Aim of the exercise =
Provide an exact copy of the data, excluding the images.

Source data =
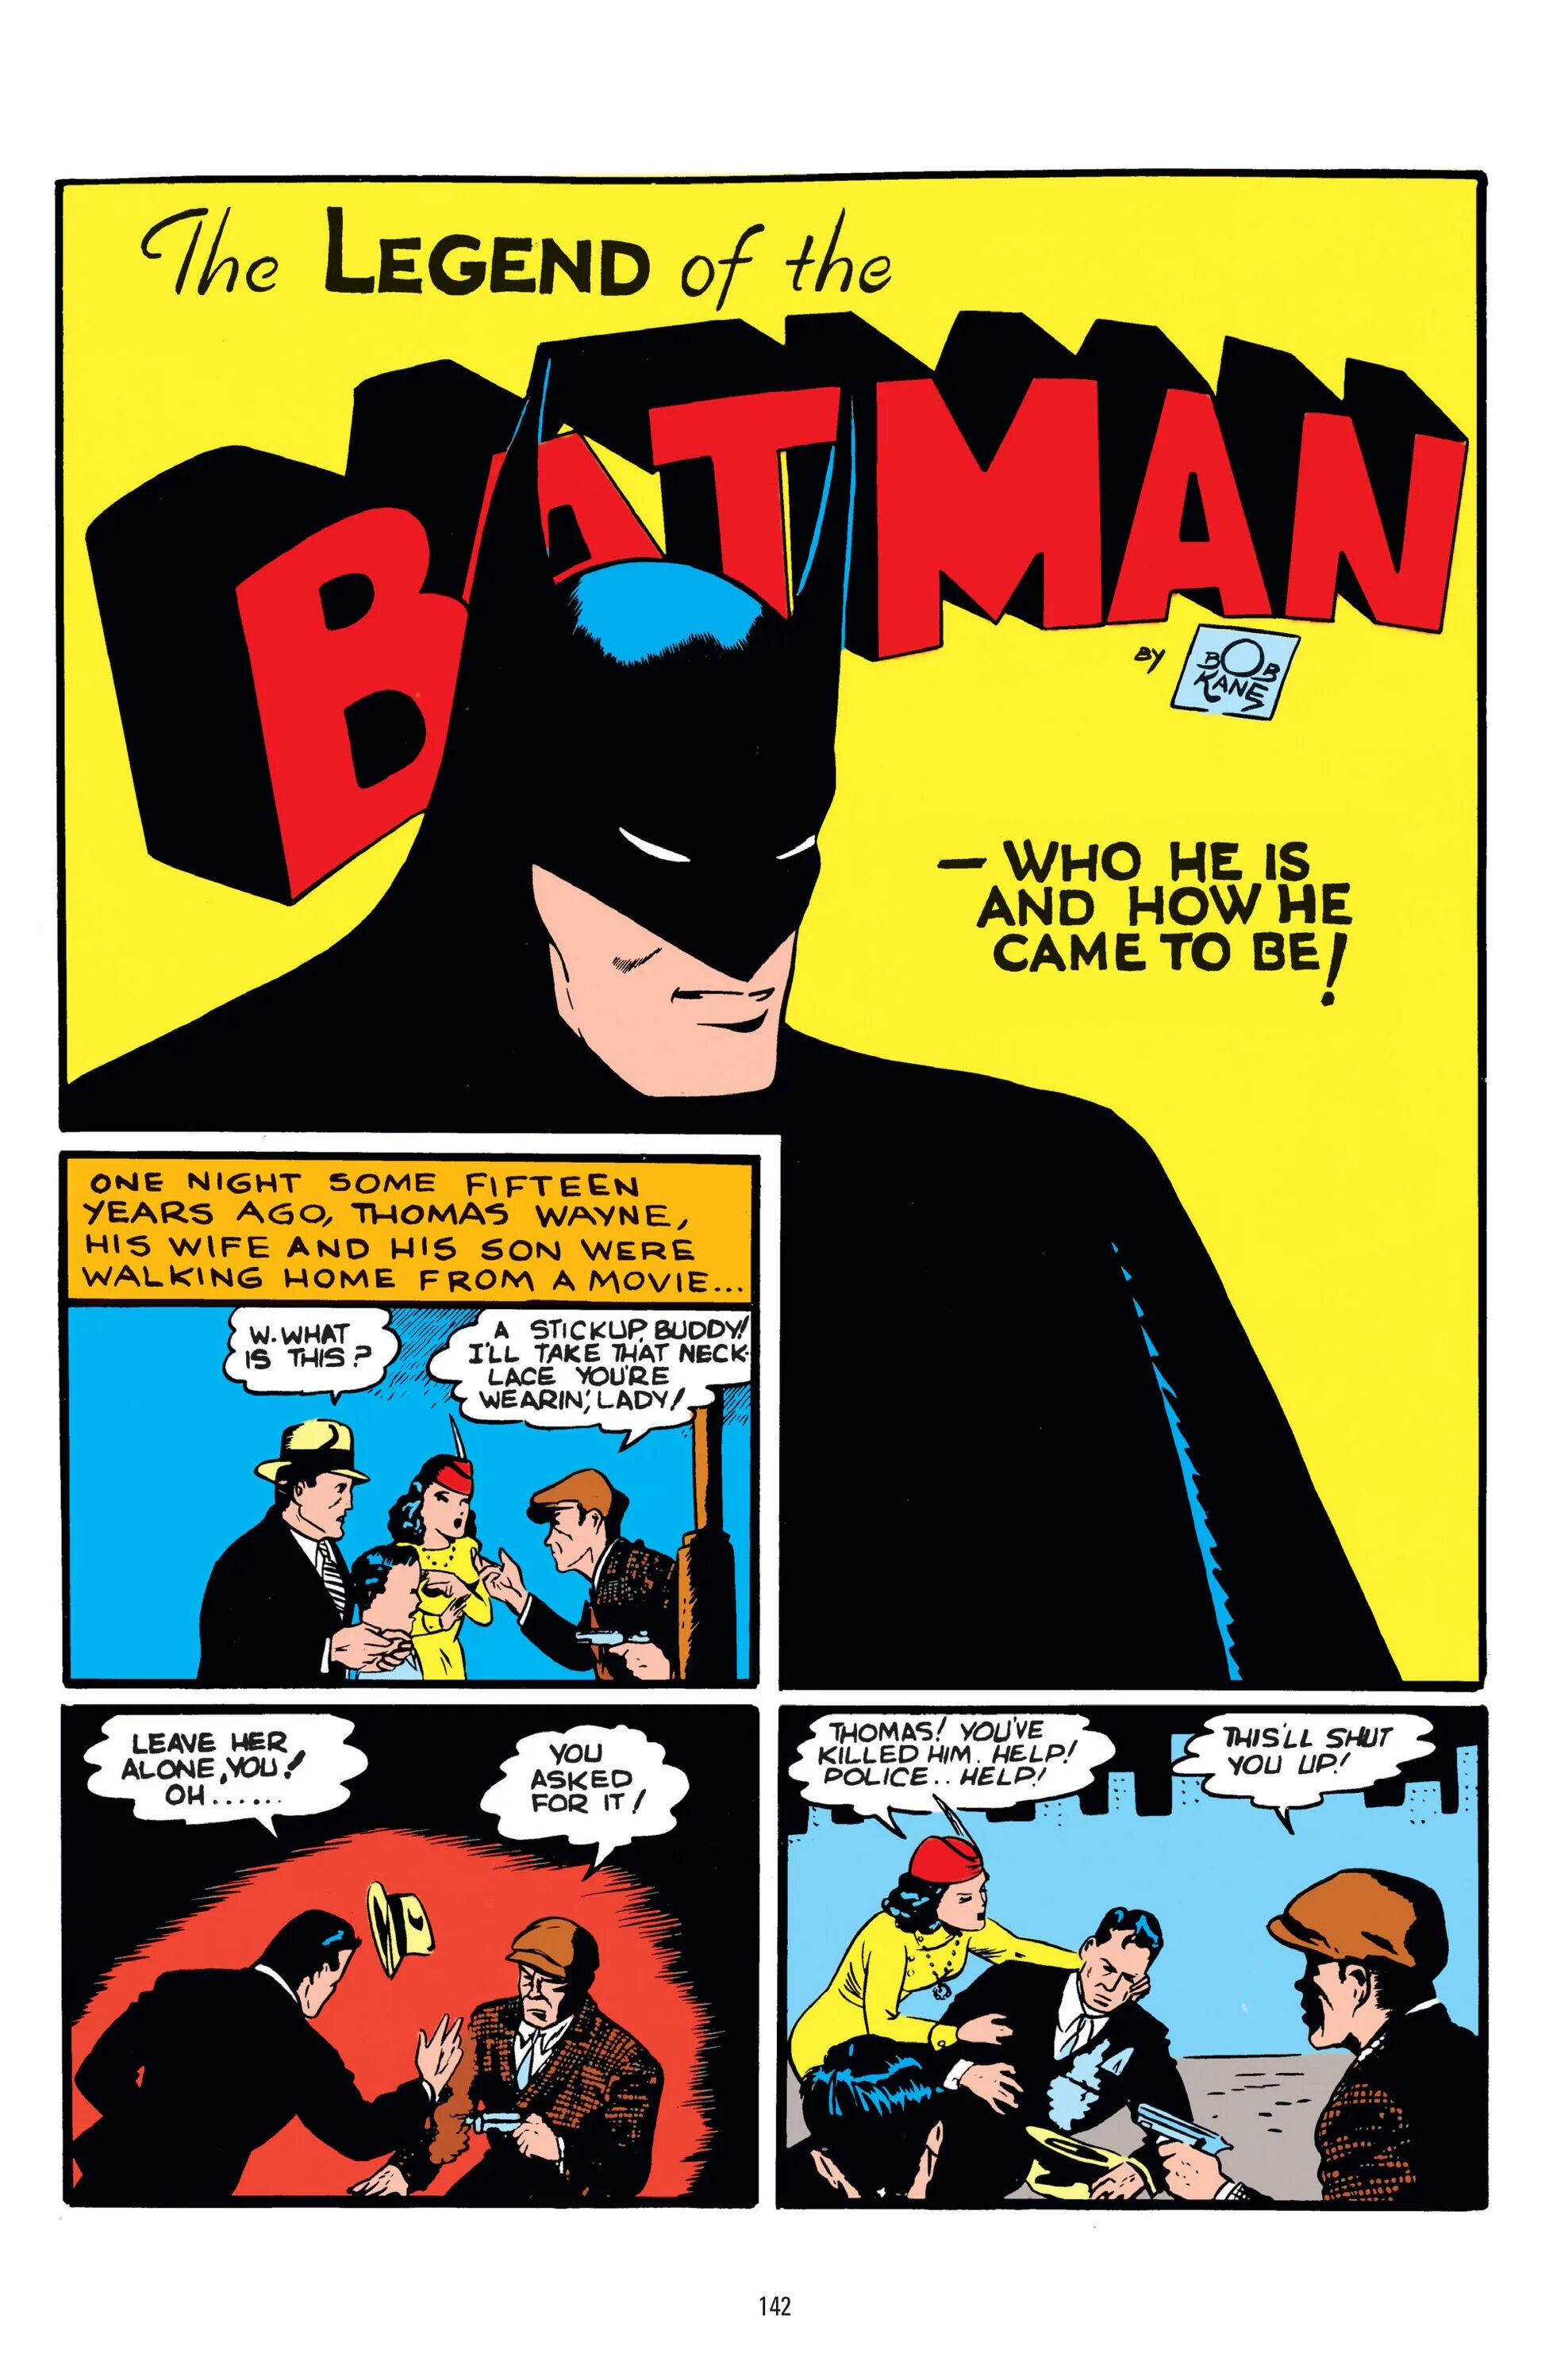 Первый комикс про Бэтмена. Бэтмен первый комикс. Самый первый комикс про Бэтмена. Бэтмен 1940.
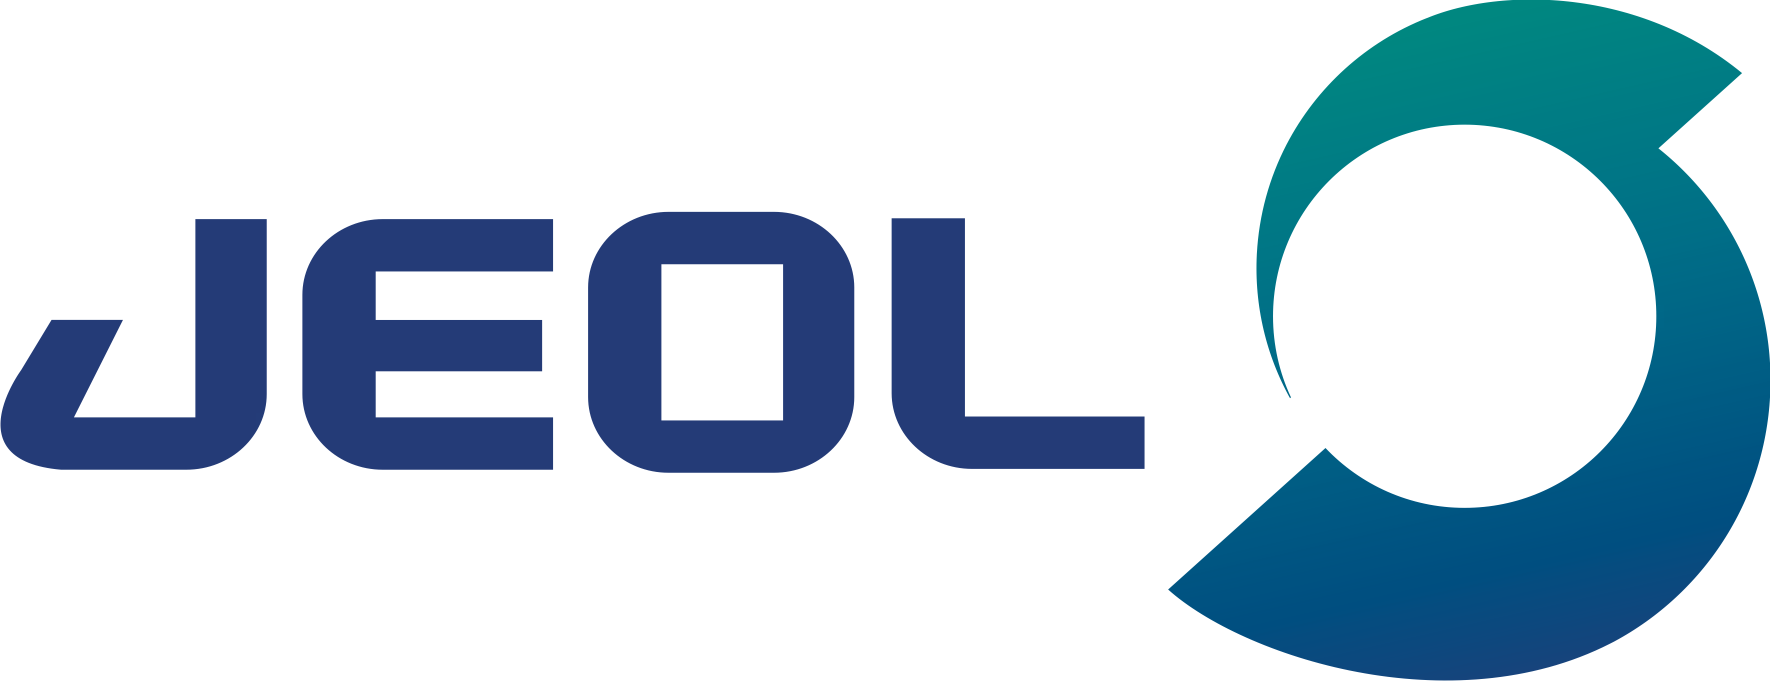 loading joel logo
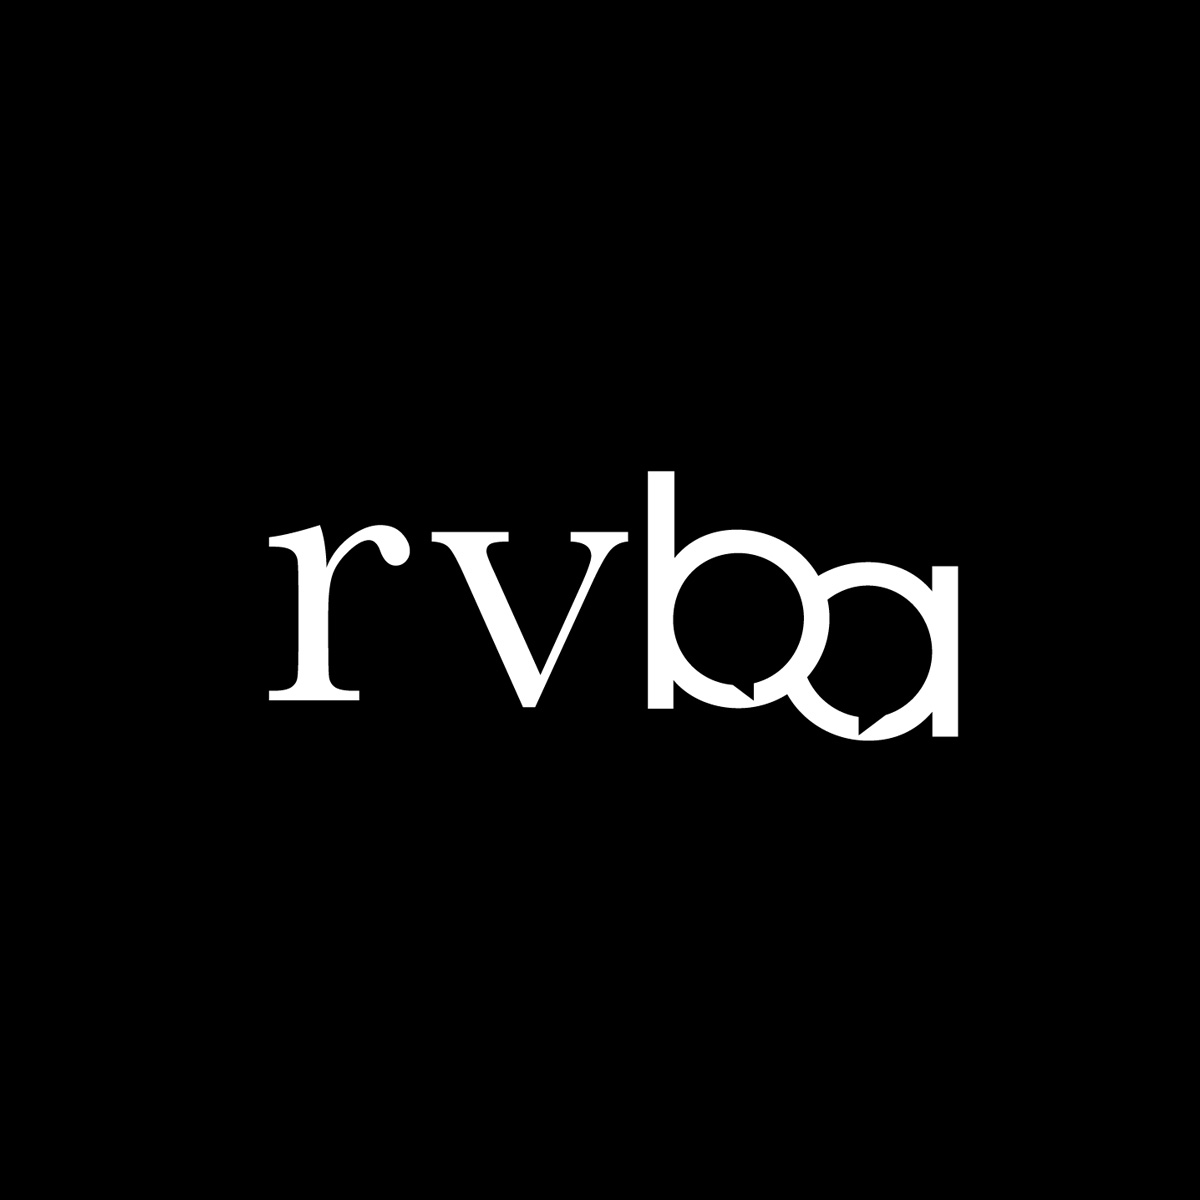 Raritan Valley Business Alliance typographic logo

Output for this exercise =
 Первый комикс про Бэтмена. Бэтмен первый комикс. Самый первый комикс про Бэтмена. Бэтмен 1940.
 loading joel logo
 Raritan Valley Business Alliance typographic logo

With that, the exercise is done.